The State Department did not hold briefings for its first six and a half weeks after Trump took office. Once it did, the department eschewed tradition and held only four each week, two on camera and two over the phone.

Mark Toner, a career foreign service officer who often briefed reporters under the Obama administration, stayed on as acting spokesperson when Trump took office. But now, Toner is transitioning to a new assignment, with no announced replacement.

Fox News anchor Heather Nauert was in talks to come on board and was being vetted, a source told ABC News earlier this month.
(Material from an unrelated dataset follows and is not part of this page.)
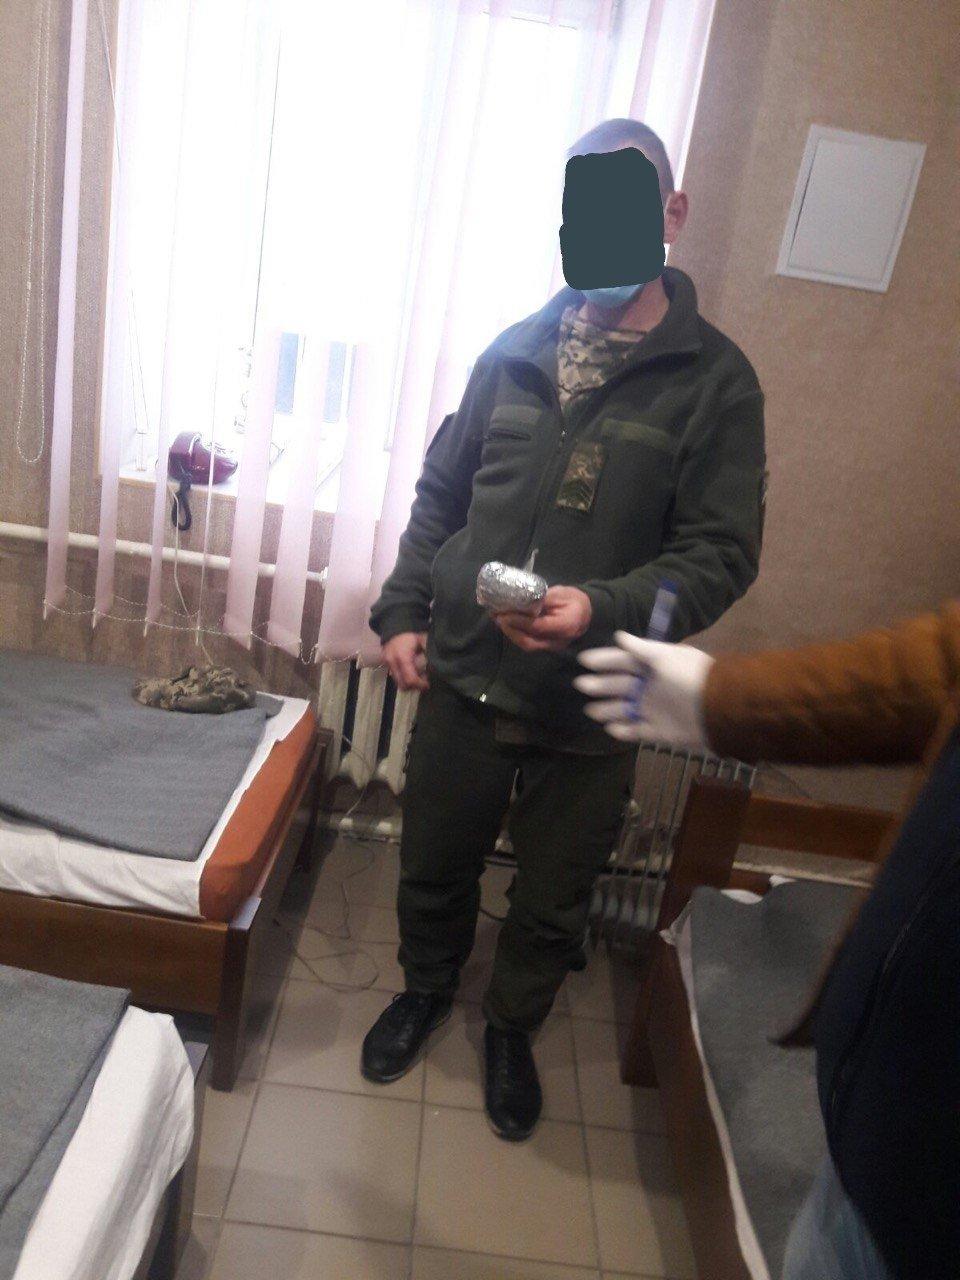 Хмельницький слідчий ізолятор: у сержанта внутрішньої служби знайшли наркотики (ФОТО), фото-4
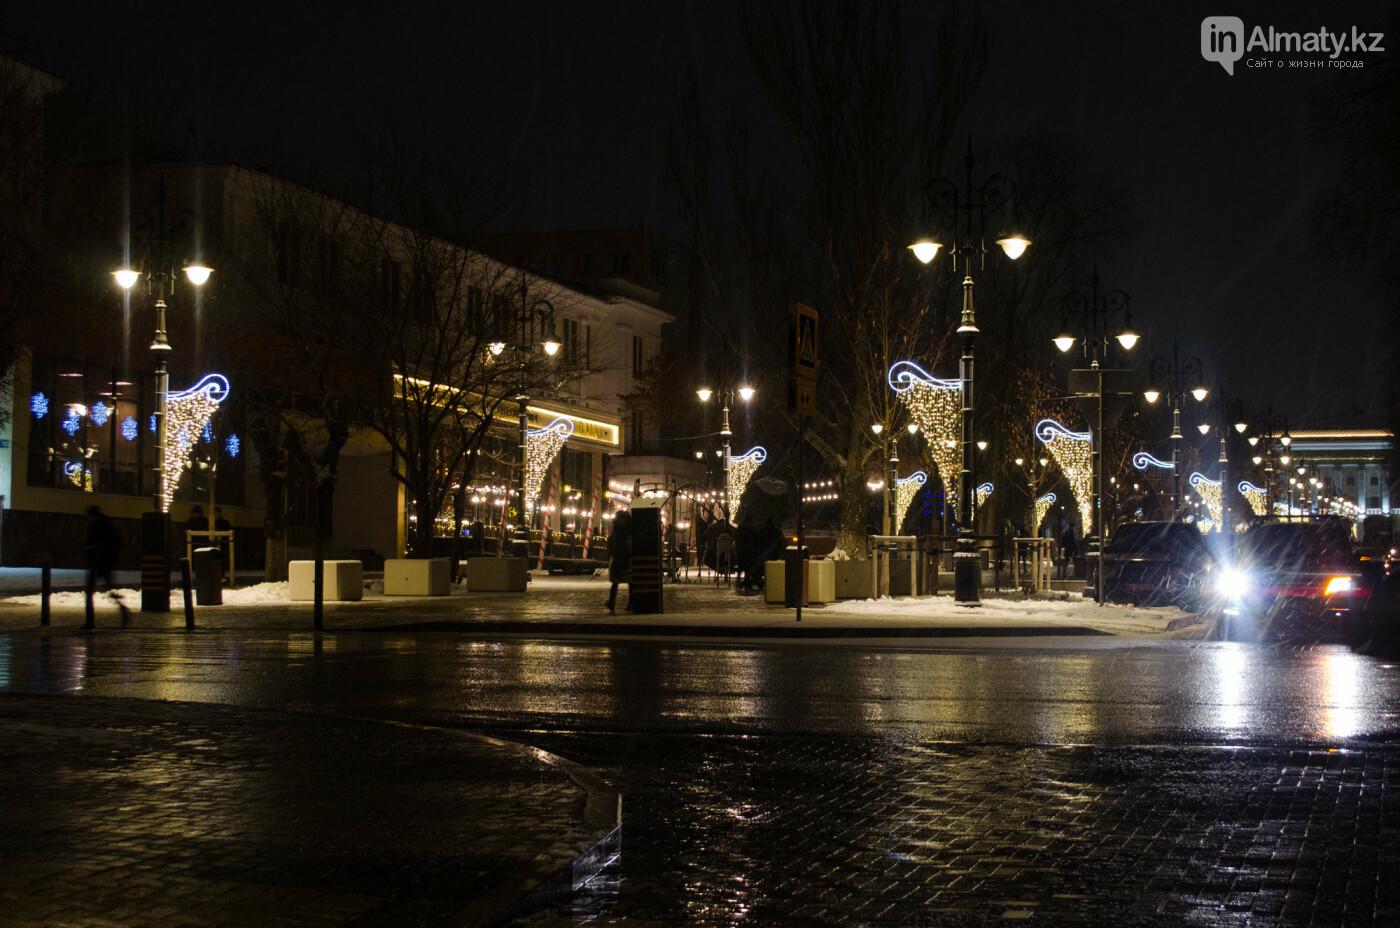 Как украшен центр Алматы к Новому году (фото), фото-24

A State Department official would only confirm this week that a new spokesperson is in the process of being vetted and approved.

Alex Howard, deputy director of transparency advocate the Sunlight Foundation, expressed concern about the lack of briefings, calling it “an unfortunate continuation of what we’ve seen from the very top of this administration.”

“This is a great briefing that has a different quality and depth than any you’ll see in government. ... It contains the U.S. position on foreign policy issues that span the world,” he said, pointing out that embassies take their cues from them and that foreign governments watch for changes in America’s position. “These are not just Kabuki sessions.”

Michael Abramowitz, president of the independent watchdog group Freedom House, agreed. “In many ways, with the possible exception of the White House spokesperson, the State Department spokesperson is perhaps the most important in the entire U.S. government because the State Department spokesperson is basically sending out what U.S. foreign policy is to the whole world,” he said.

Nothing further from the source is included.